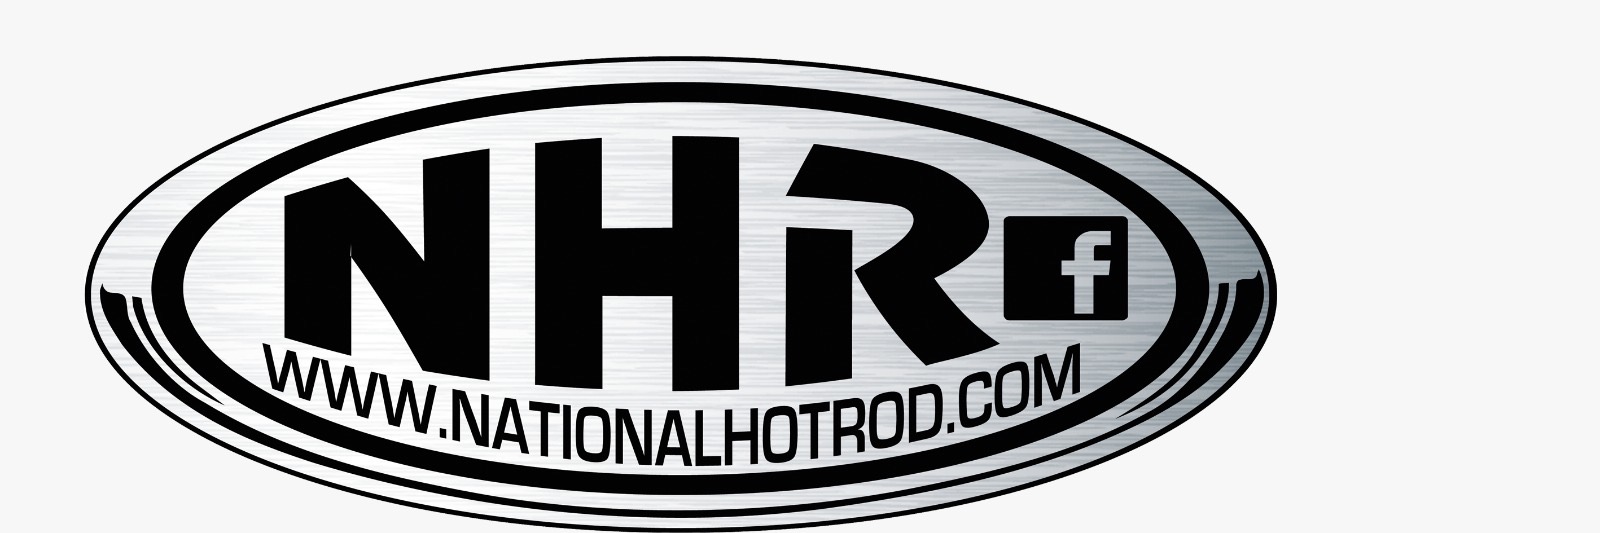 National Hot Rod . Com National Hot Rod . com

_ _ _ _ _ _ _

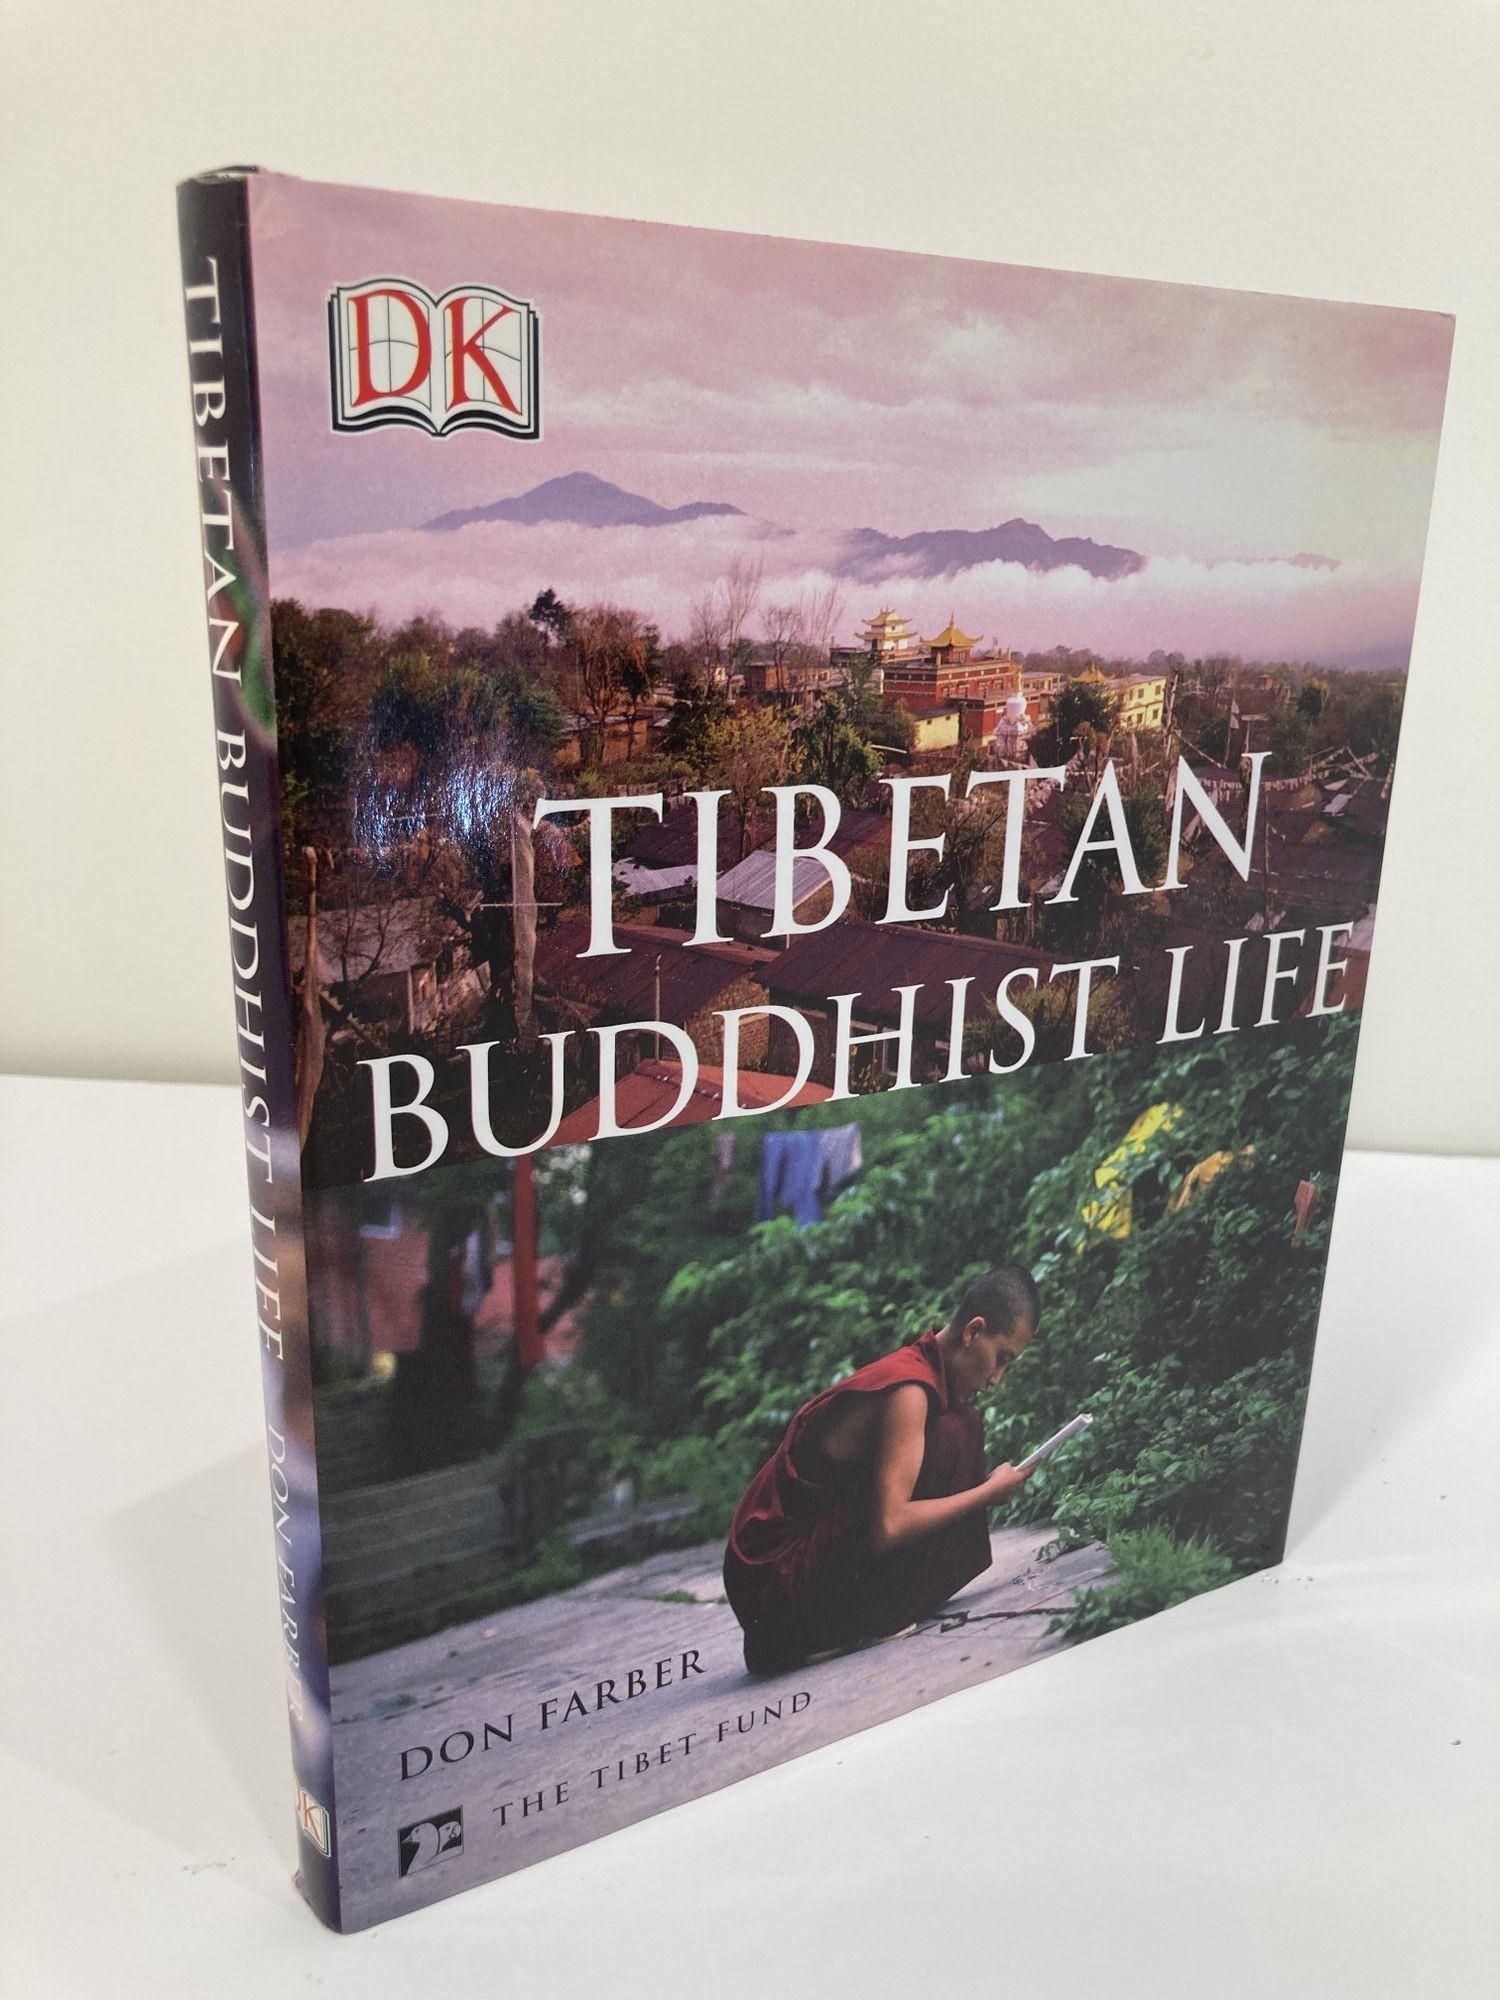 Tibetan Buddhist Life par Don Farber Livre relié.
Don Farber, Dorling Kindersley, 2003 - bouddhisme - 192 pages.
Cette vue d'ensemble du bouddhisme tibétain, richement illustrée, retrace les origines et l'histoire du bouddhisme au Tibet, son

_ _ _ _ _ _ _

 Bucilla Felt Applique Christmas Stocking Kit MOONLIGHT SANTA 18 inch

_ _ _ _ _ _ _

*Exercise aim*: Check each line of the material for the string "bouddhisme" and say how many lines have it. Give the number only.

*Written solution*: 2